Studio album by Shout Out Louds
- Released: 23 February 2010
- Recorded: August and October 2009
- Studio: • Bear Creek Studio, Seattle, WA; • Decibel Studio, Stockholm; • Dubious Studio, Stockholm;
- Genre: Indie pop, indie rock
- Length: 41:24
- Label: Merge Records (US) Vertigo Records (Europe)
- Producer: Phil Ek

Shout Out Louds chronology
| Our Ill Wills (2007) | Work (2010) | Optica (2013) |

= Work (album) =

Work is the third studio album by Swedish indie rock band Shout Out Louds.
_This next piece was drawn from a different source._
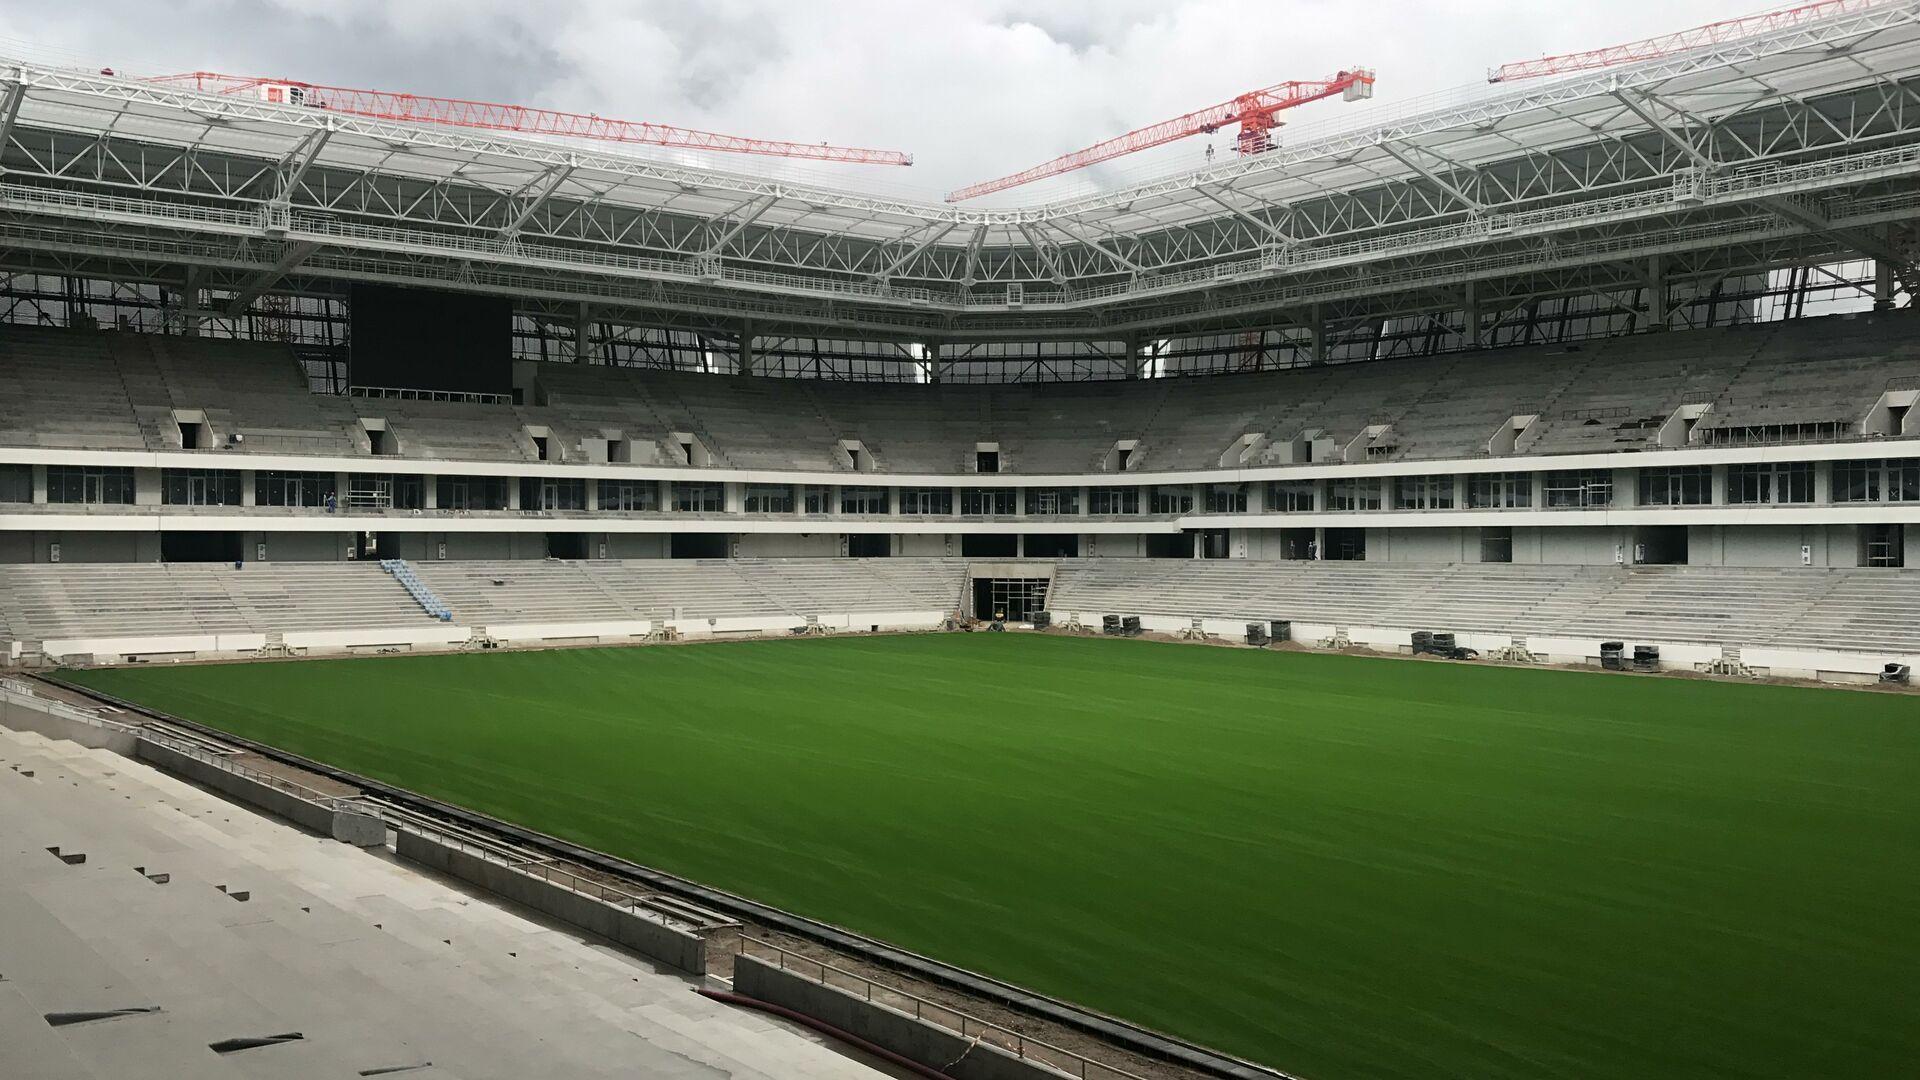 El campo de fútbol del Estadio de Kaliningrado - Sputnik Mundo, 1920, 13.03.2021

It was released in the United States and Canada on 23 February 2010, in Scandinavia on 24 February 2010 and in Germany, Australia, Switzerland, and Austria on 26 February 2010. The album was preceded by 2007's Our Ill Wills. The first single off of Work was "Walls", which was released as a free MP3 download through the band's website. The second single, "Fall Hard", was made available as free streaming audio on the band's MySpace website over a month before the album's release.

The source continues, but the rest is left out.